The company delivered a strong Q2, backed by a favorable market environment for steel at its home market. However, the company’s last earnings report mentioned its third-quarter EBITDA outlook of $525 million, which is $58 million lower than what the company delivered in Q3’17. This lackluster outlook had taken a toll on the stock price and a 10% sell-off was witnessed in the stock-price movement. Nevertheless, the 25% tariff imposition on steel import has given some mass cash flow to US Steel and the company’s outlook remains positive for the remainder of the year. US Steel has upgraded its EBITDA-outlook by almost 7% to a range of $1.85-$1.90 million. We expect 7% net income margin for the company in FY18.

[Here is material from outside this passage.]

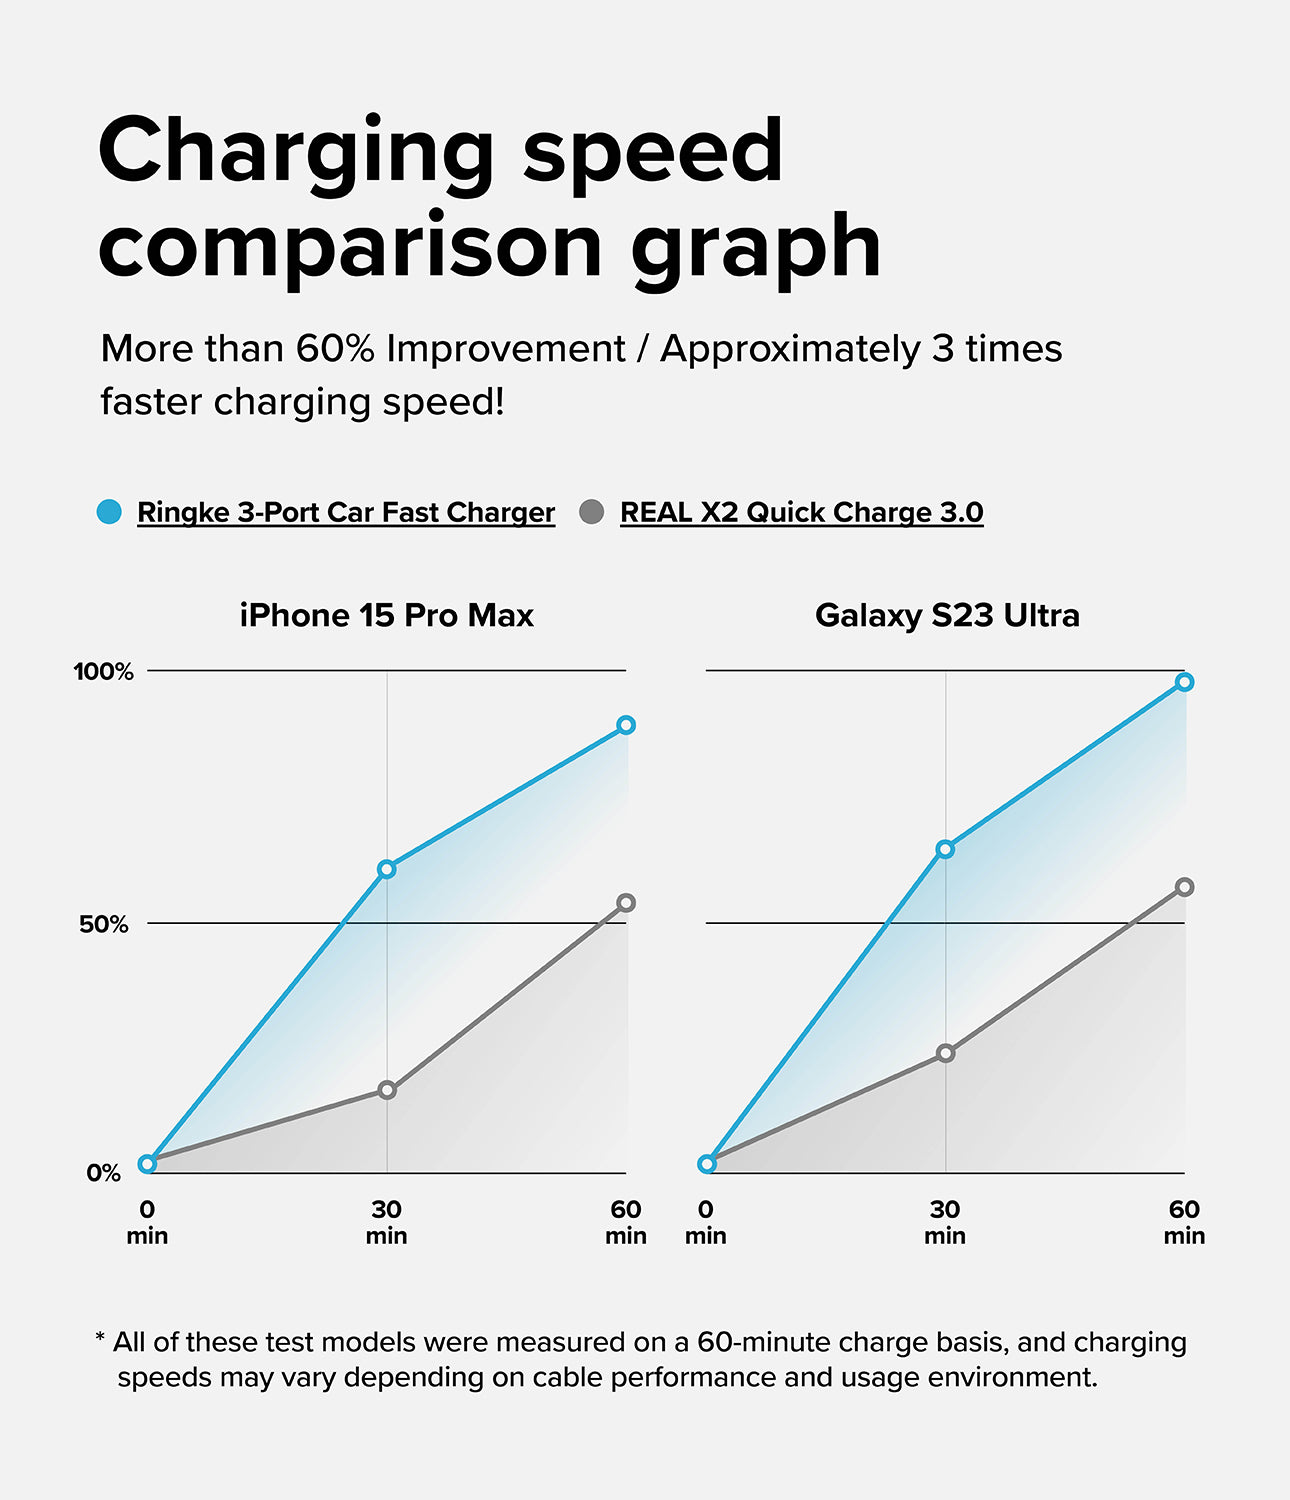 Ringke 3-Port Car Fast Charger - Charging Speed Comparison Graph. More than 60% improvement / Approximately 3 times faster charging speed!

U.S. Steel’s Tubular division in the US remained a major growth driver for the company’s improved performance in 2018, laying out an 18% rise in shipments and a 21% rise in average price/shipment in H1’19. However, the company expects lower EBITDA margins from this division in the second half due to asset revitalization program. The company started a 52-day blast furnace outage at Great Lakes works and have additional Asset Revitalization investments scheduled at the facility to coincide with the blast furnace downtime. Further, the company’s mining operations are unable to ship pellets in Q1 too as the Soo Locks are typically closed from Mid-Jan to late March. The scenario negatively impacts financial results due to operating inefficiencies and thus a higher cost per ton shipment.

The other divisions also displayed substantial growth in the first half of 2018. The Europe division witnessed a 16.4% rise in its average price per shipment, translating into higher sales revenue from this division. Be that as it may, the company expects lower sales in Europe for the second half of 2018 due to planned outages that coincide with normal seasonal customer demand patterns. In such a manner, the seasonality which affects the production volumes impacts the financial outcome. We expect 4.7 million tons of shipments in this division, with an average price of $714 per shipment.